• **Exercise instructions**
Copy the data that follows exactly. Include no pictures.

• **Recorded information**
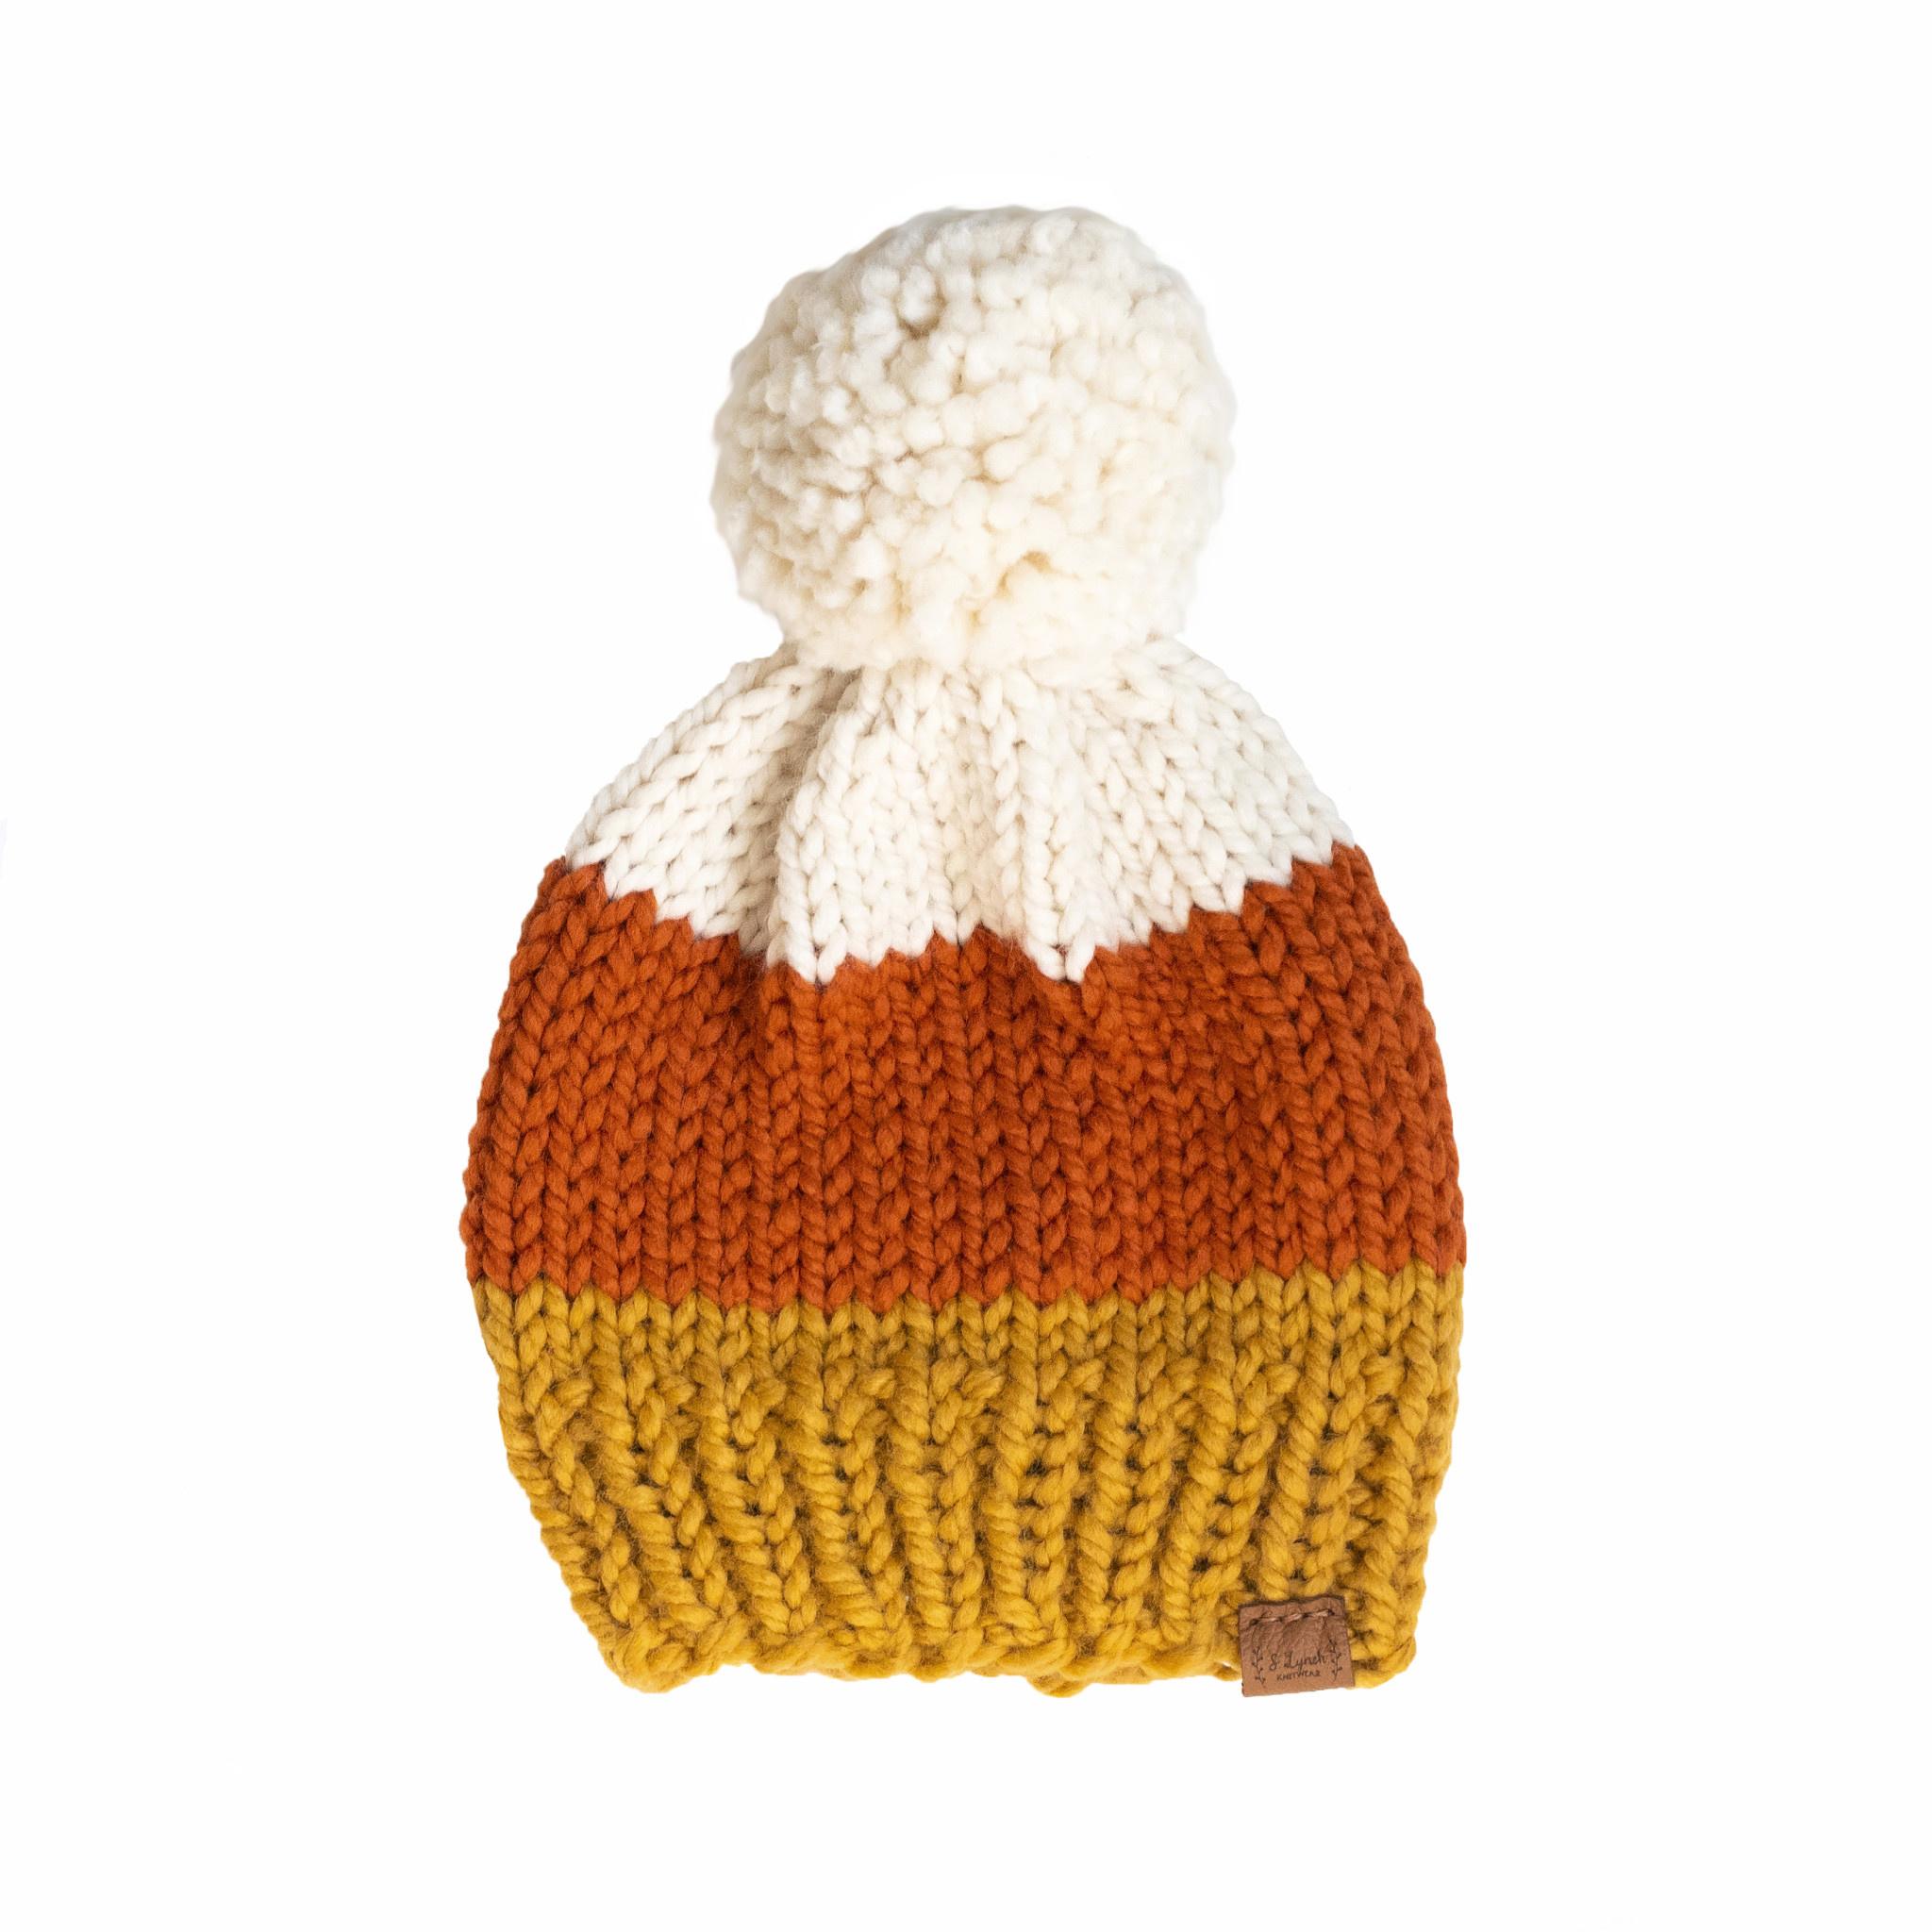 S. Lynch Knitwear Adult Hat - Candy Corn
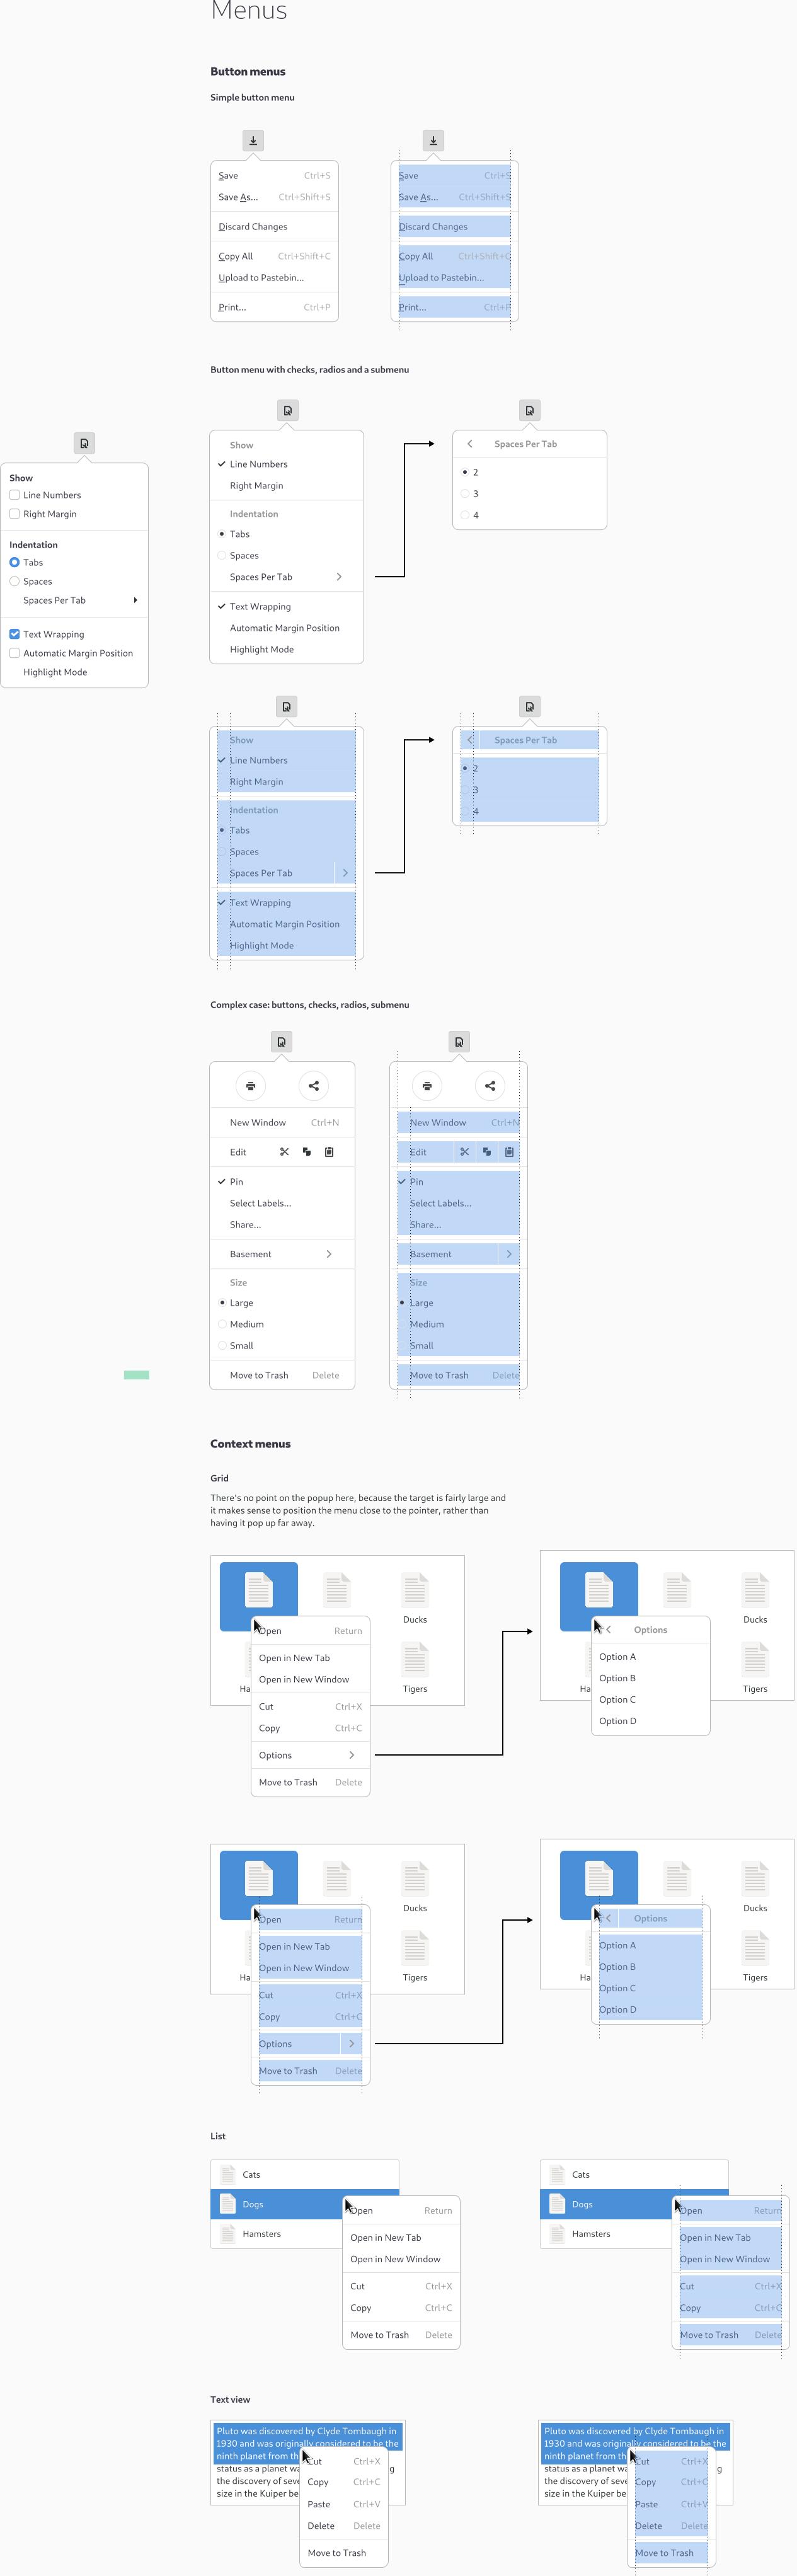 menus/menu-design-patterns.png
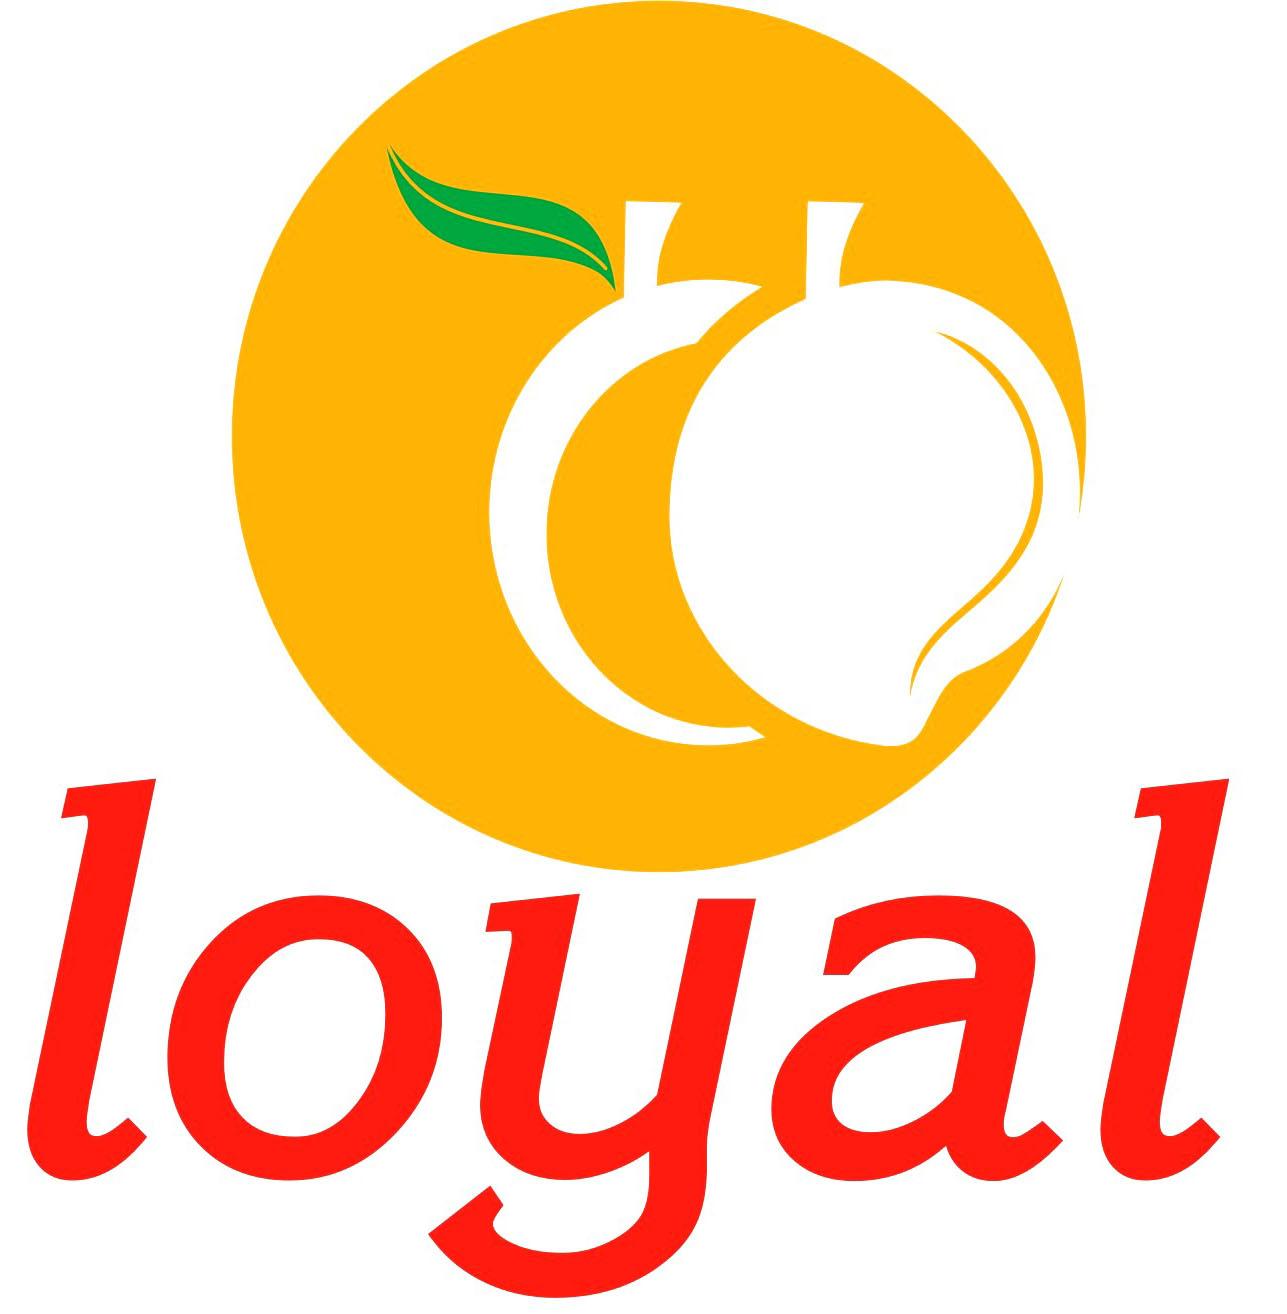 Loyal Food International

• **Your response**
 S. Lynch Knitwear Adult Hat - Candy Corn
 menus/menu-design-patterns.png
 Loyal Food International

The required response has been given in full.